[Records — start]

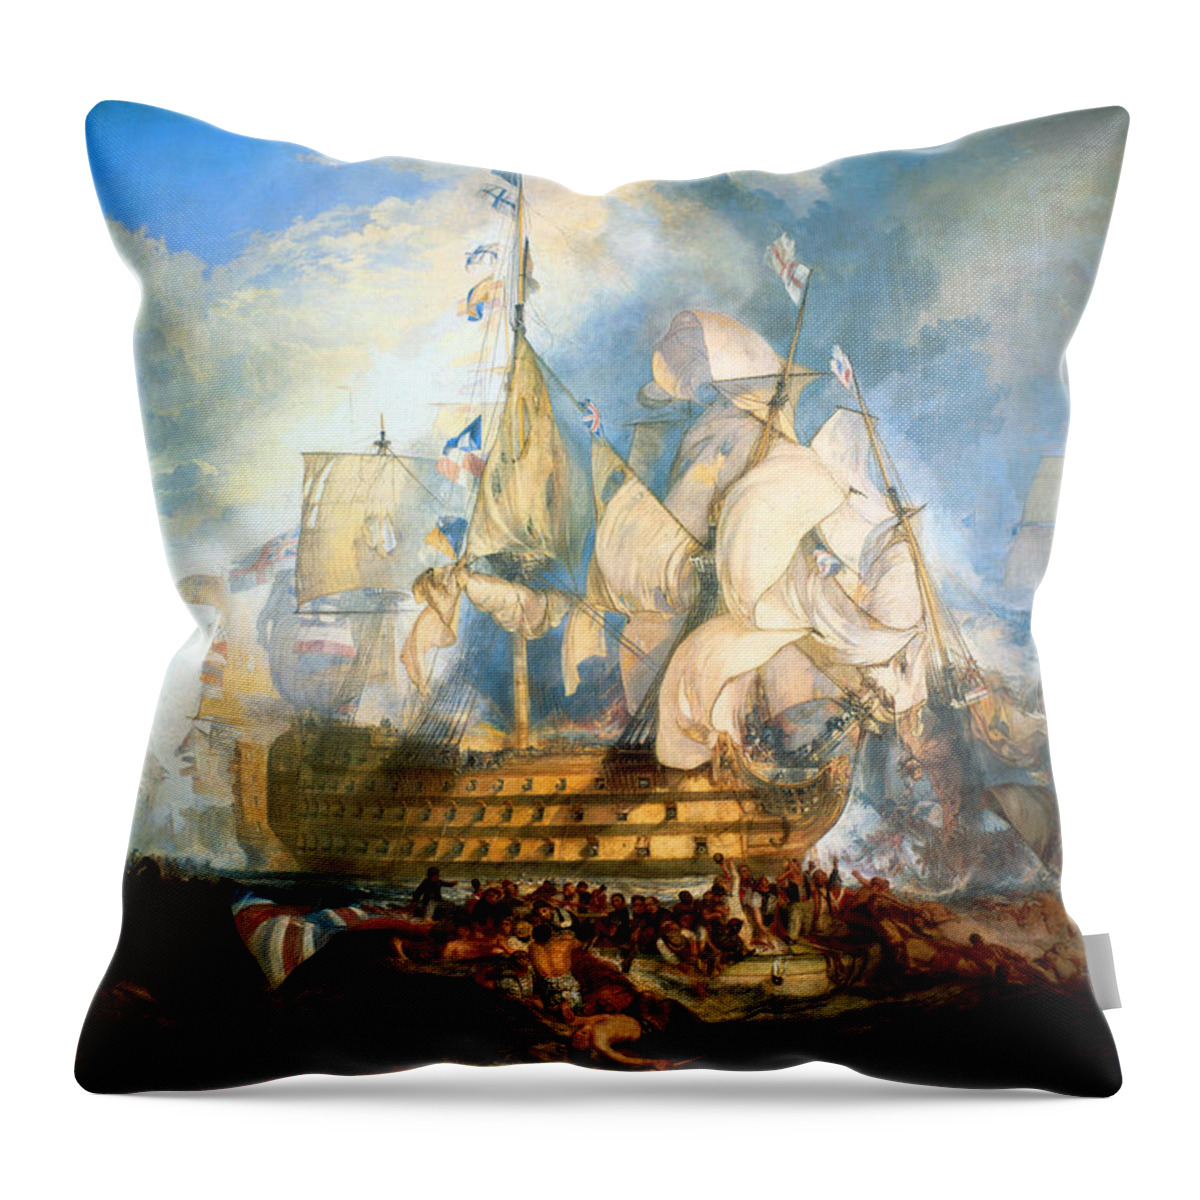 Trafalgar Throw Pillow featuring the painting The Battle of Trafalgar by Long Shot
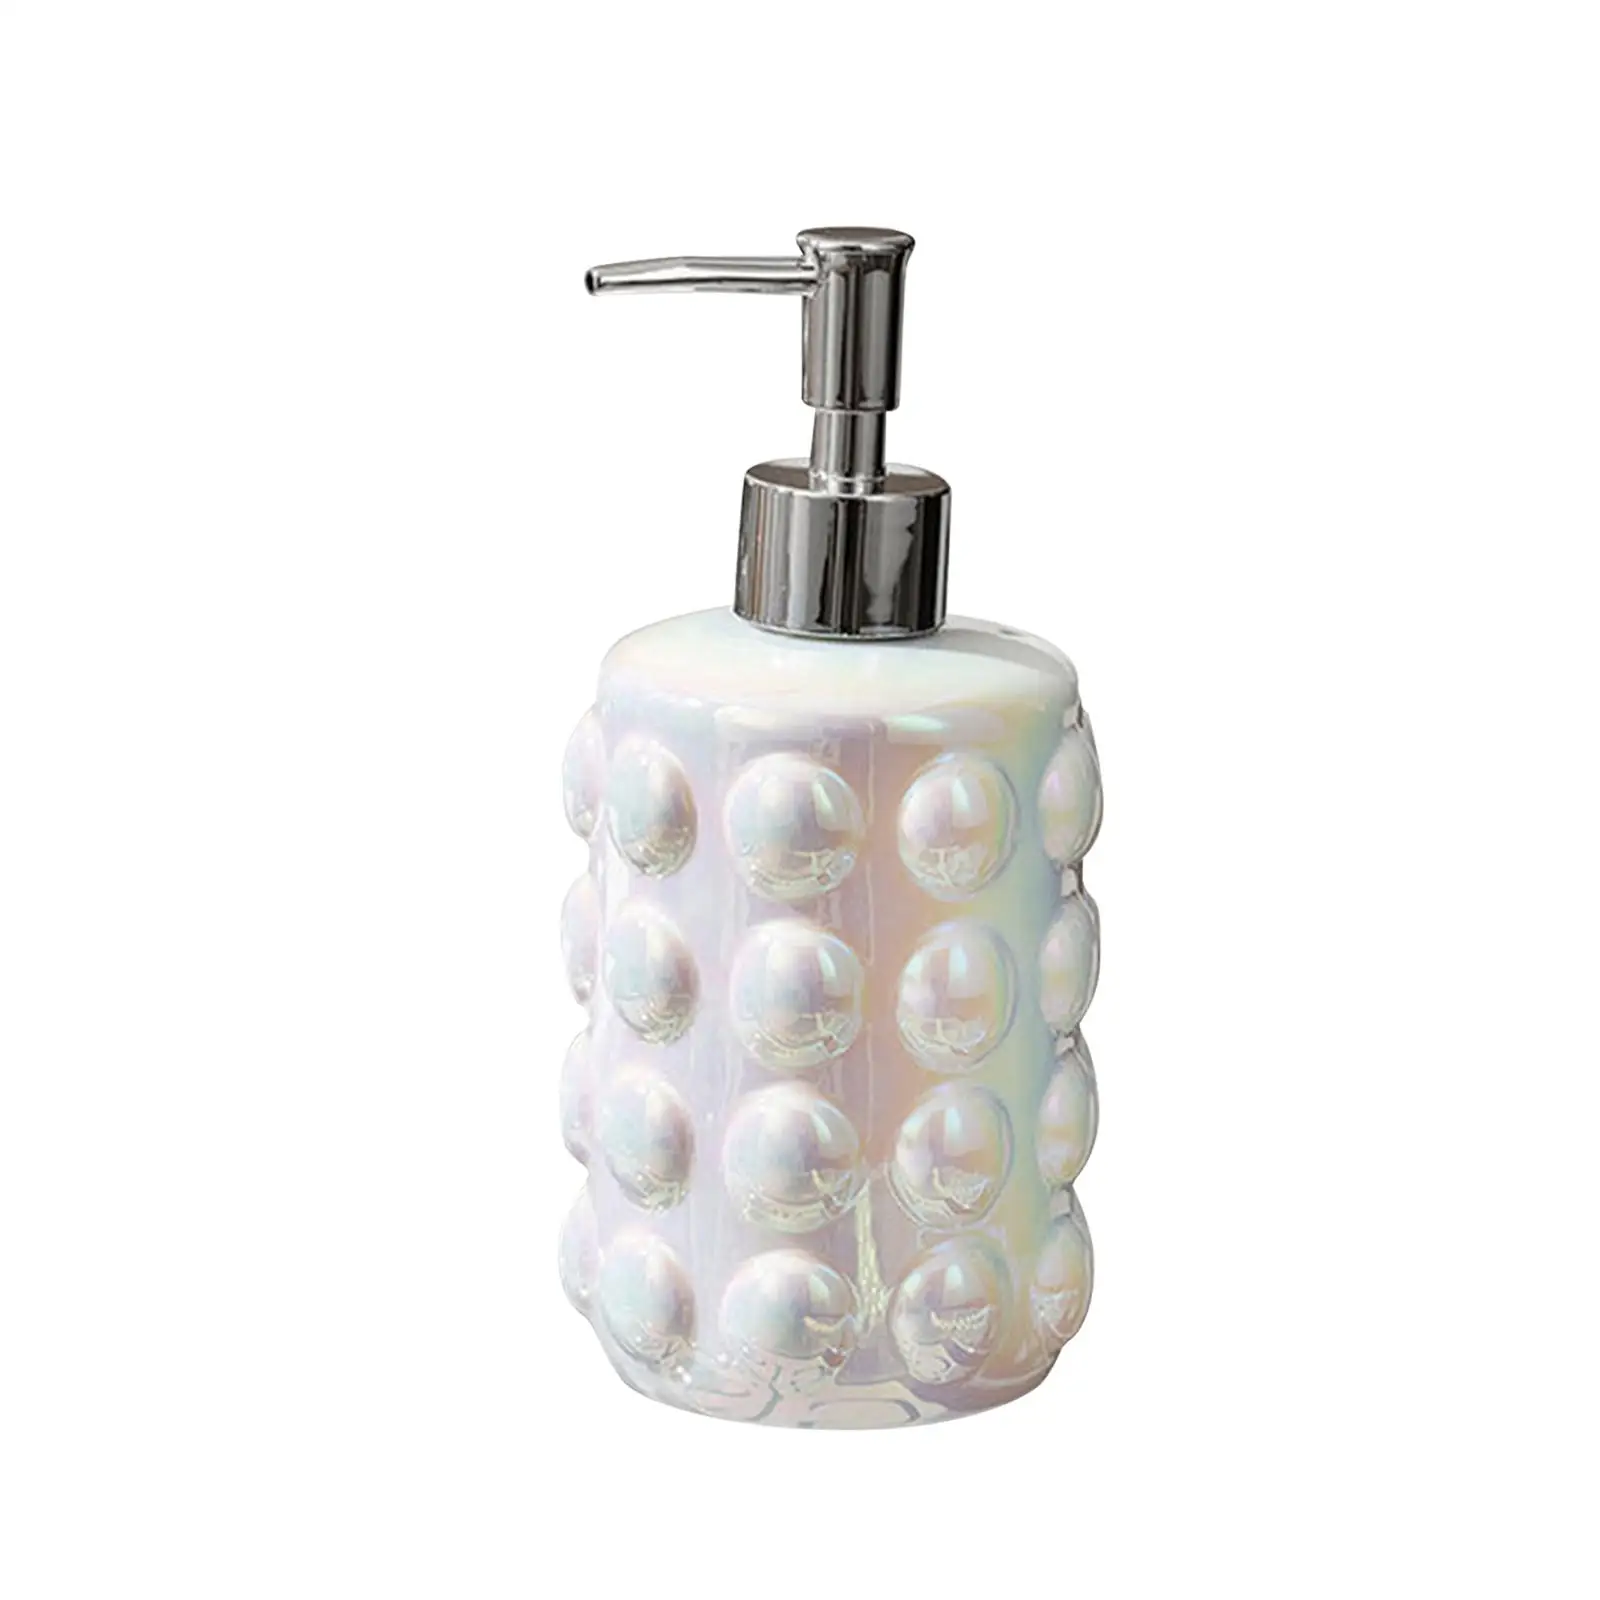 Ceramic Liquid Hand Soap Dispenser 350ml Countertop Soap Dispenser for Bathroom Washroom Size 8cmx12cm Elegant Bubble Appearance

[Records — finish]
[Records — start]

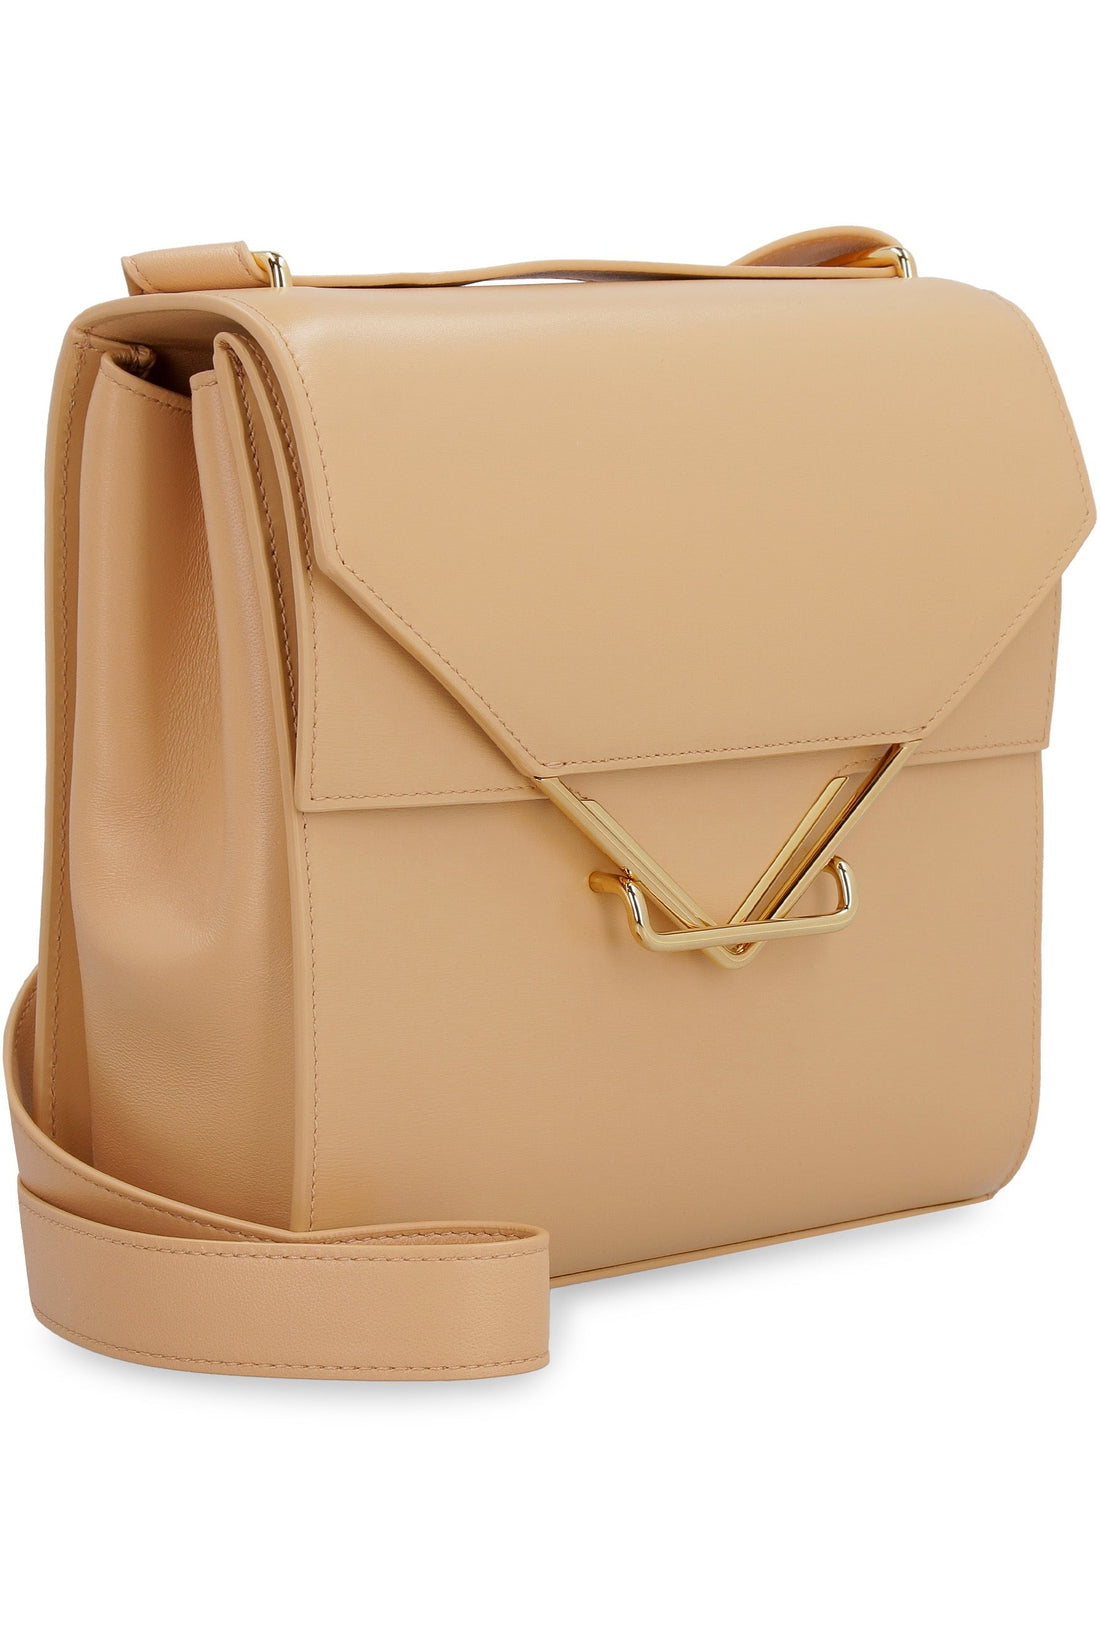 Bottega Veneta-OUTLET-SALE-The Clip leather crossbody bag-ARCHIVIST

[Records — finish]
[Records — start]

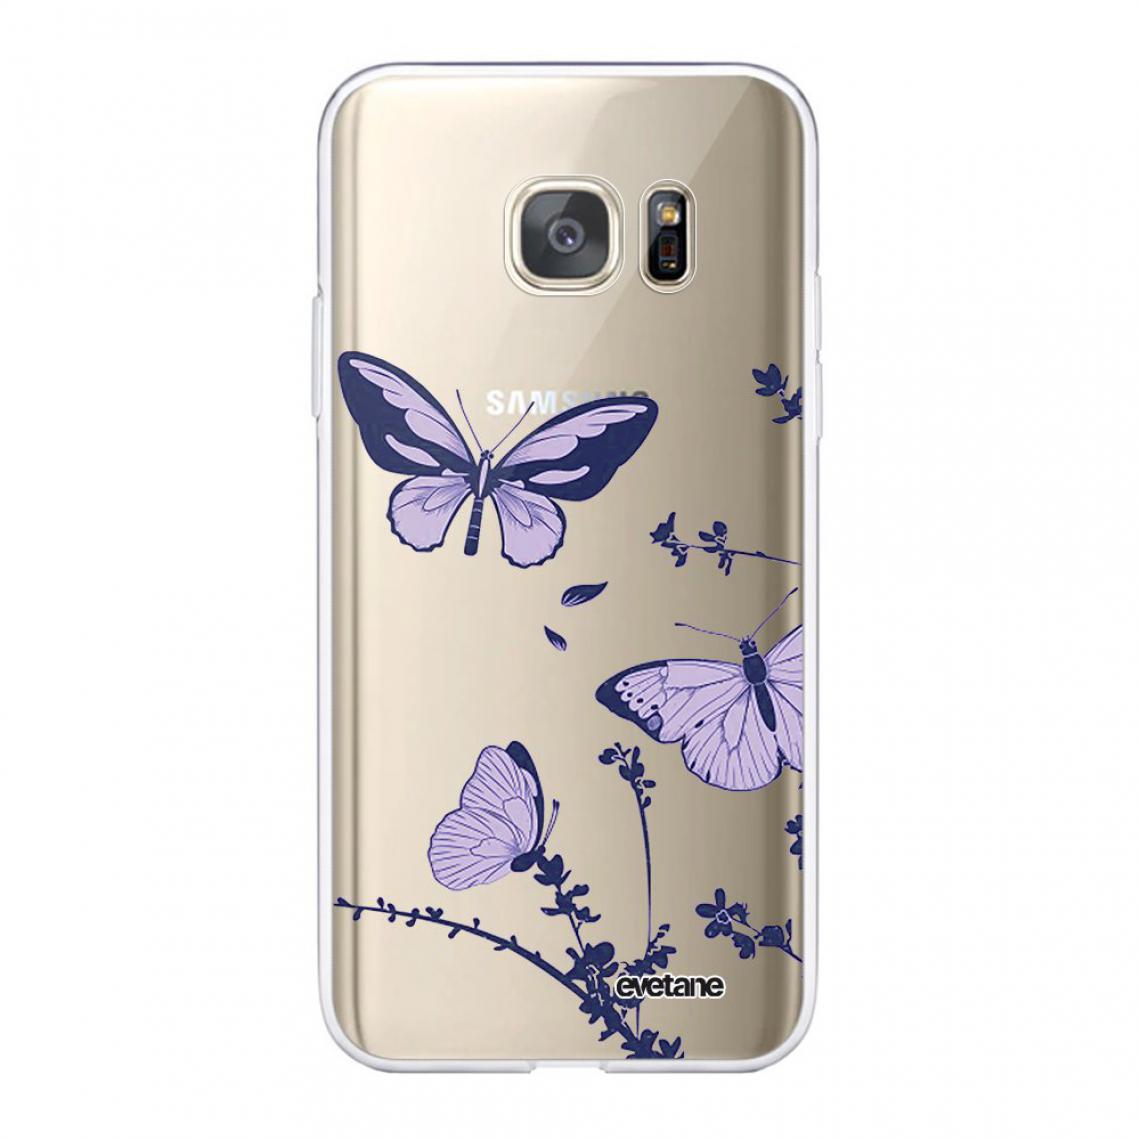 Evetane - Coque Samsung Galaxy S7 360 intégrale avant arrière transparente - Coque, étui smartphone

[Records — finish]

**Aim of the exercise**
Exactly the lines starting at the one above with "Trafalgar Throw Pillow" and ending at the one with "Ceramic Liquid Hand" should be printed, and nothing else. Omit the pictures.

**Exercise response**
 Trafalgar Throw Pillow featuring the painting The Battle of Trafalgar by Long Shot
 Ceramic Liquid Hand Soap Dispenser 350ml Countertop Soap Dispenser for Bathroom Washroom Size 8cmx12cm Elegant Bubble Appearance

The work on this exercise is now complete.